5 Responses to The Portfolio Rules Work Together

  1. jeffpartlow says:

    David,
    Have you considered a Spoke Fund for your investment service?
    http://www.spokefunds.com/about/

    • No, I would rather do it more conventionally, as would most investors. Existing methods work well; there is no need to change them. People need to be more price conscious, though, and refuse expensive means of securing portfolio management.

  2. [...] This post was mentioned on Twitter by BertromavichEdenburg, seriouslystocks. seriouslystocks said: The Portfolio Rules Work Together: Here are the eight rules with links to my recent pieces: Industri… http://bit.ly/9IDhJ3 #stocks #bonds [...]

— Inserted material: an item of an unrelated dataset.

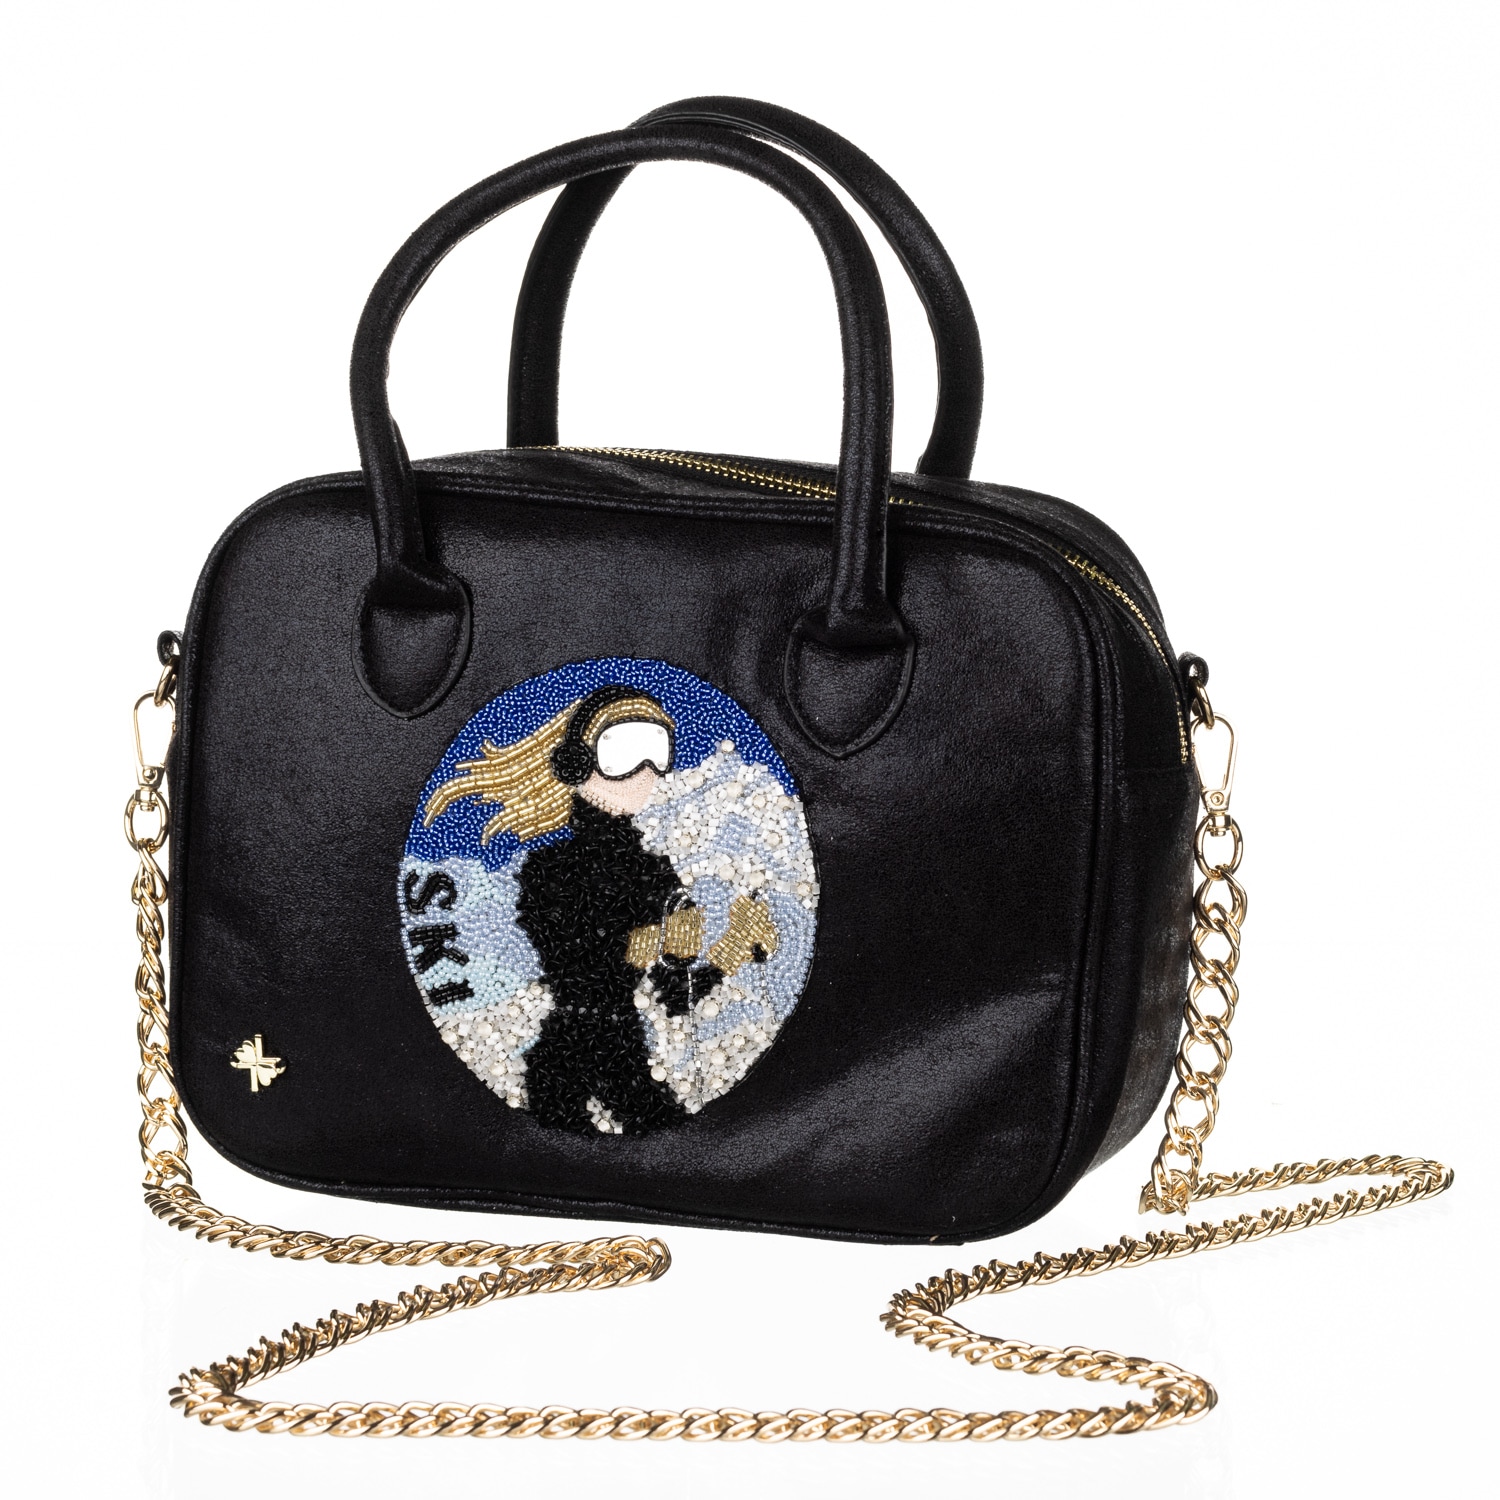 Women’s Laines London Couture Black Metallic Bag With Embellished Ski Girl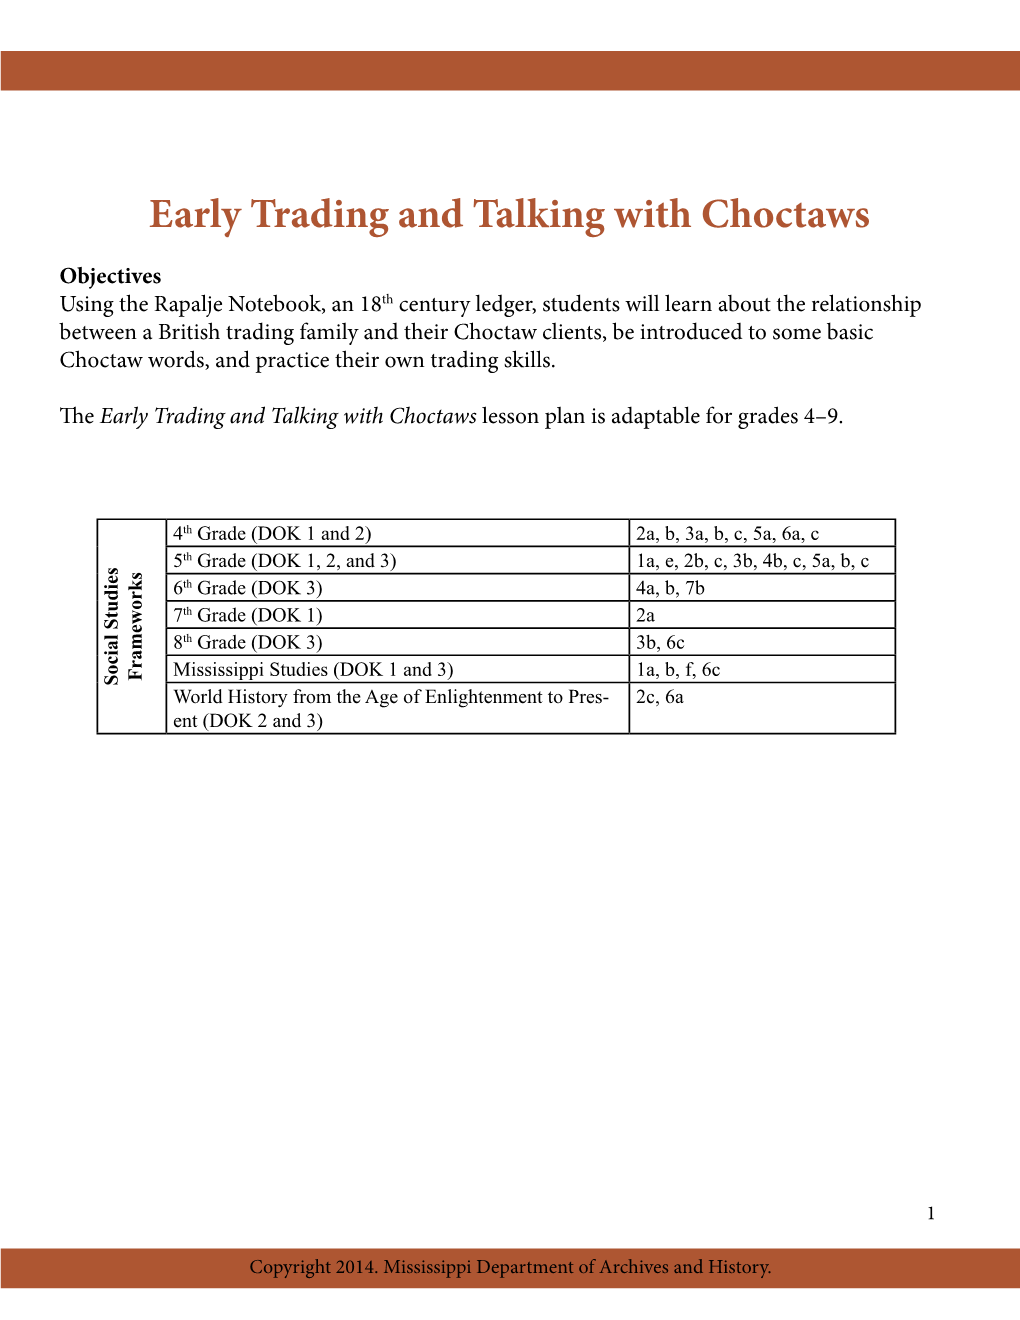 Early Trading and Talking with Choctaws

  3. [...] David Merkel Full list of portfolio rules. [...]

  4. [...] – David Merkel’s eight portfolio rules. [...]

Disclaimer


David Merkel is an investment professional, and like every investment professional, he makes mistakes. David encourages you to do your own independent "due diligence" on any idea that he talks about, because he could be wrong. Nothing written here, at RealMoney, Wall Street All-Stars, or anywhere else David may write is an invitation to buy or sell any particular security; at most, David is handing out educated guesses as to what the markets may do. David is fond of saying, "The markets always find a new way to make a fool out of you," and so he encourages caution in investing. Risk control wins the game in the long run, not bold moves. Even the best strategies of the past fail, sometimes spectacularly, when you least expect it. David is not immune to that, so please understand that any past success of his will be probably be followed by failures.